The poly milk fat composition according to claim 1, wherein the component A forms a stereocomplex crystal. The polylactic acid composition according to claim 2, wherein the stereogenicity of the component A is 90% or more. The polylactic acid composition according to claim 1, wherein the component A comprises poly L lactic acid having a weight average molecular weight of 150,000 to 250,000 and poly D lactic acid having a weight average molecular weight of 130,000 to 160,000. The polylactic acid composition according to claim 1, wherein the component B is poly L-lactic acid having a weight average molecular weight of 150,000 to 250,000. The polylactic acid composition according to claim 1, wherein the component B is poly-D lactic acid having a weight average molecular weight of 150,000 to 250,000. The polylactic acid composition according to claim 1, wherein the component C is a polymer containing repeating units represented by the following formulas (2), (3) and (4).

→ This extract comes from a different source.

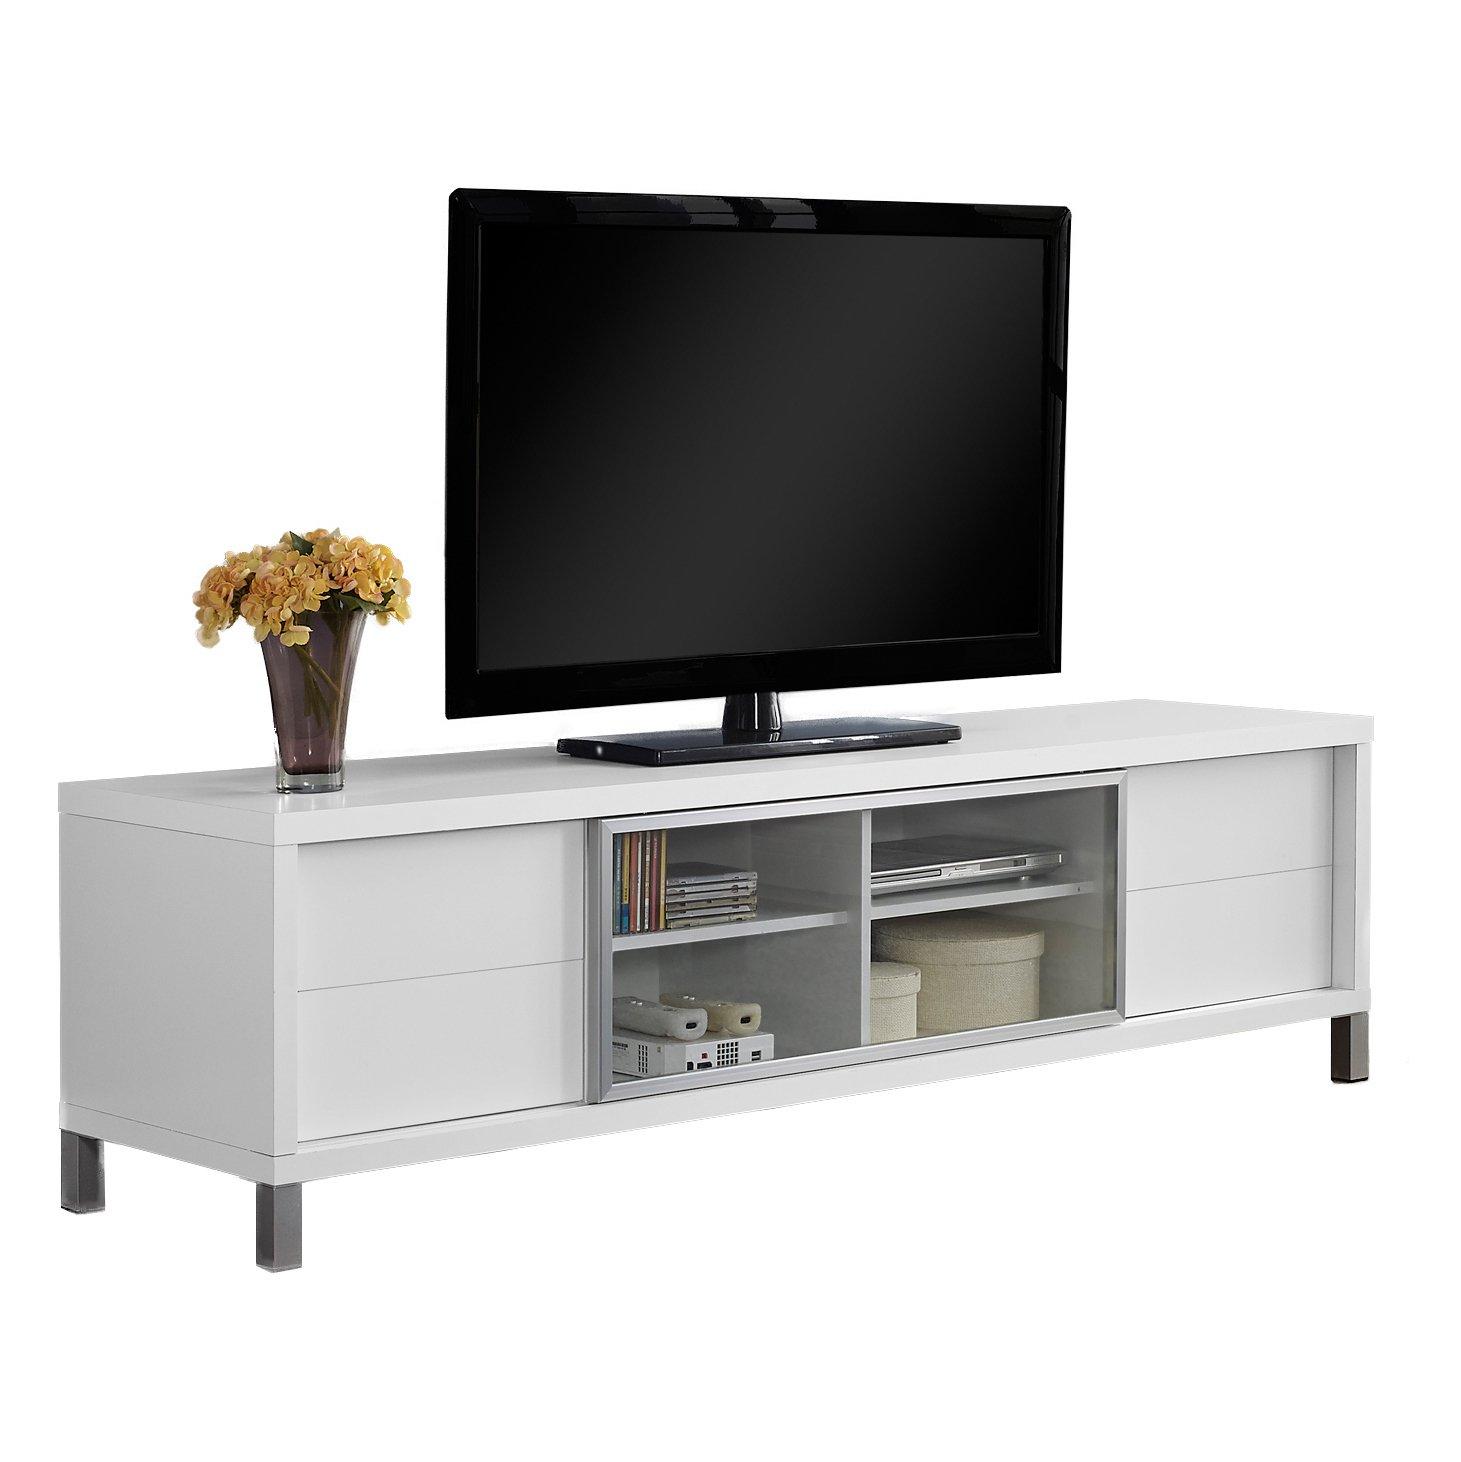 Monarch Specialties I 2537, TV Console, Euro Style, White, 70

The polylactic acid composition according to claim 1, comprising 5 to 800 parts by weight of the B component and 5 to 300 parts by weight of the C component with respect to 100 parts by weight of the A component. A molded article comprising the polylactic acid composition according to claim 1. Melting and kneading polylactic acid (component A) having a melting point of 190 ° C. or higher, polylactic acid (component B) having a melting point of less than 190 ° C., and a compound (C component) containing a glycidyl group represented by the following formula (1) A method for producing a polylactic acid composition.